Phosphatidylinositol 3-kinase gamma (PI3Kγ) stimulates the activation of the “immunosuppressive program” in TAMs [102]. Macrophage PI3Kγ suppresses T cell activation, while the lack of its activity in TAMs reduces the production of immunosuppressive molecules, including IL-10 and arginase, and enhances antitumor T cell responses [102]. Another study demonstrated the potential value of targeting myeloid-intrinsic PI3Kγ to overcome ICI resistance [103]. These critical roles of PI3Kγ in TAMs need to be confirmed in HCC.

In chronic hepatitis C virus (HCV) infection, rapid viral eradication by direct-acting antivirals (DAAs) changes the phenotype of infected hepatocytes and intrahepatic monocytes/macrophages while contributing to HCC [20,104,105]. The inflammatory activity of intrahepatic macrophages, which is closely associated with mucosal-associated invariant T (MAIT) cell activity, is markedly attenuated after rapid viral clearance by DAAs [106]. MAIT cells are activated by IL-12, IL-15, and IL-18, which are usually produced by activated macrophages/monocytes [107]. Usually, DAA therapy causes an immediate reduction in IL-18 levels in chronic HCV infection, resulting in a rapid decrease in intrahepatic inflammation and MAIT cell cytotoxicity [108,109]. The decreased cytotoxicity of MAIT cells with the reduction in proinflammatory cytokine production by macrophages after DAA treatment may be related to HCC recurrence after DAA-mediated HCV clearance.
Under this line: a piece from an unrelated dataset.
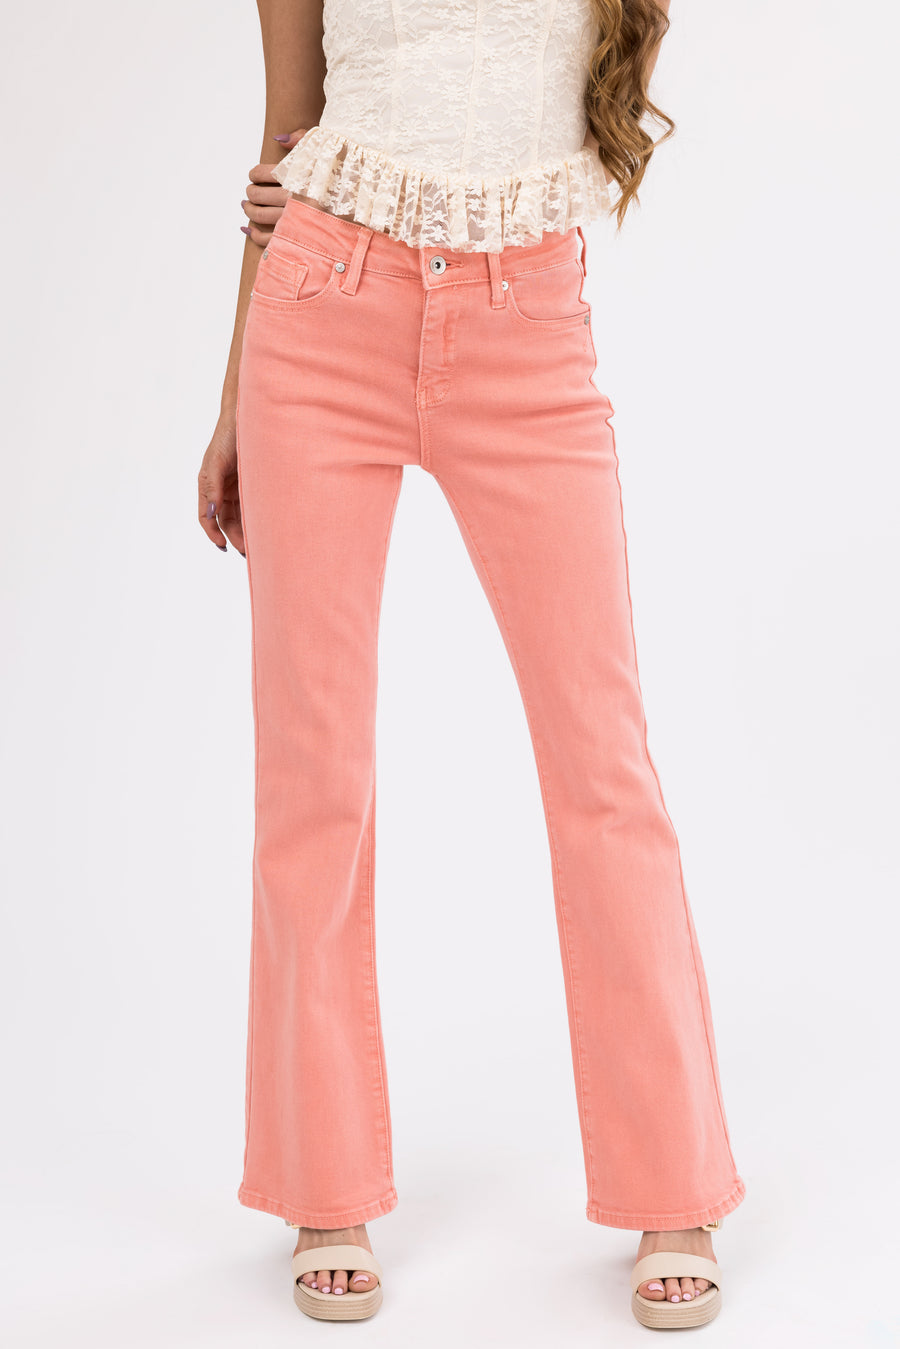 Special A Salmon Slim Bootcut Jeans
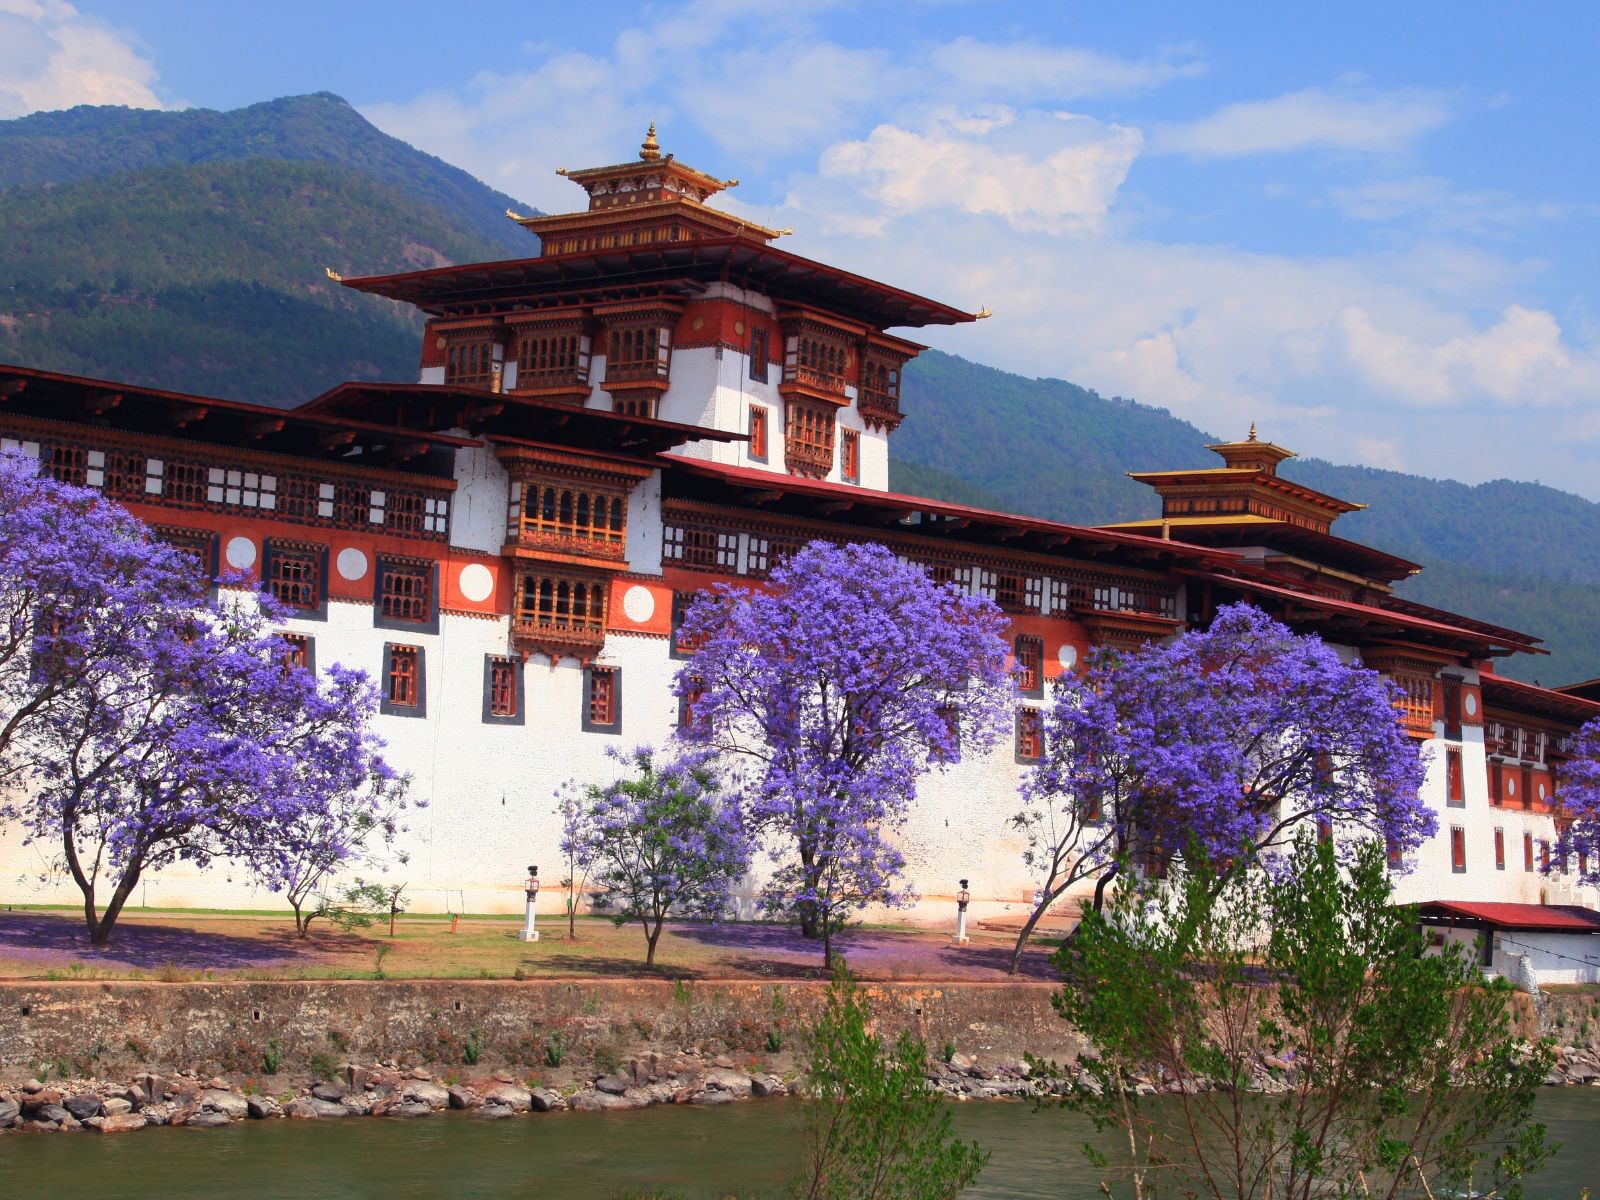 Why now is the time to visit Bhutan.

CROSSTALK BETWEEN TAMs AND REGULATORY T CELLS IN HCC

Regulatory T cells are a major immunosuppressive cell population and have various effects on tumor progression [110]. A recent study in which the CIBERSORT algorithm was used to estimate the relative frequencies of 22 subsets of tumor-infiltrating immune cells in 1,090 HCC cases revealed four tumor clusters [111]. Tumors with increased regulatory T cells and decreased M1 macrophages were associated with a worse prognosis [111]. However, M2 TAMs, and not M1 macrophages, tend to promote the recruitment of regulatory T cells to the TME. The infiltration of TREM-1+ TAMs in the TME of HCC is critical for resistance to anti-PD-L1 within the hypoxic TME by the recruitment of CCR6+ Foxp3+ regulatory T cells via CCL20 production [112]. The recruited or induced regulatory T cells can further enhance the immunosuppressive properties of TAMs. Regulatory T cells promote the sterol regulatory element-binding protein 1 (SREBP1)-mediated metabolic processes of M2 TAMs by repressing the production of IFN-γ by CD8+ T cells [113]. Therefore, regulatory T cells indirectly sustain M2 TAM survival, forming a positive feedback pool [113].

CROSSTALK BETWEEN TAMs AND T FOLLICULAR HELPER CELLS/PLASMA CELLS IN HCC

HCC is a typical example of inflammation-associated cancer [114]. TAMs also cause cancer-related inflammation, resulting in the generation of an inflammatory helper T cell subset, such as T follicular helper cells, in the TME of HCC [115]. TLR4-induced monocyte activation is critical for the generation of IL21+ T follicular helper cells with a CXCR5 PD-1 BTLA CD69high tissue-resident phenotype in the TME of HCC. These cells induce plasma cells, leading to the ideal conditions for M2 TAM induction and cancer progression [115].

Liver IgA+ plasma cells directly suppress cytotoxic T cell activation in vitro and in vivo, inducing their exhaustion [116]. Moreover, recent data have demonstrated that IgA complex-stimulated monocytes/macrophages also show an inflammatory phenotype and express higher PD-L1 levels in the TME of HCC [117]. These IgA+ TAMs may be a target for improving the efficacy of immune-based therapy in HCC.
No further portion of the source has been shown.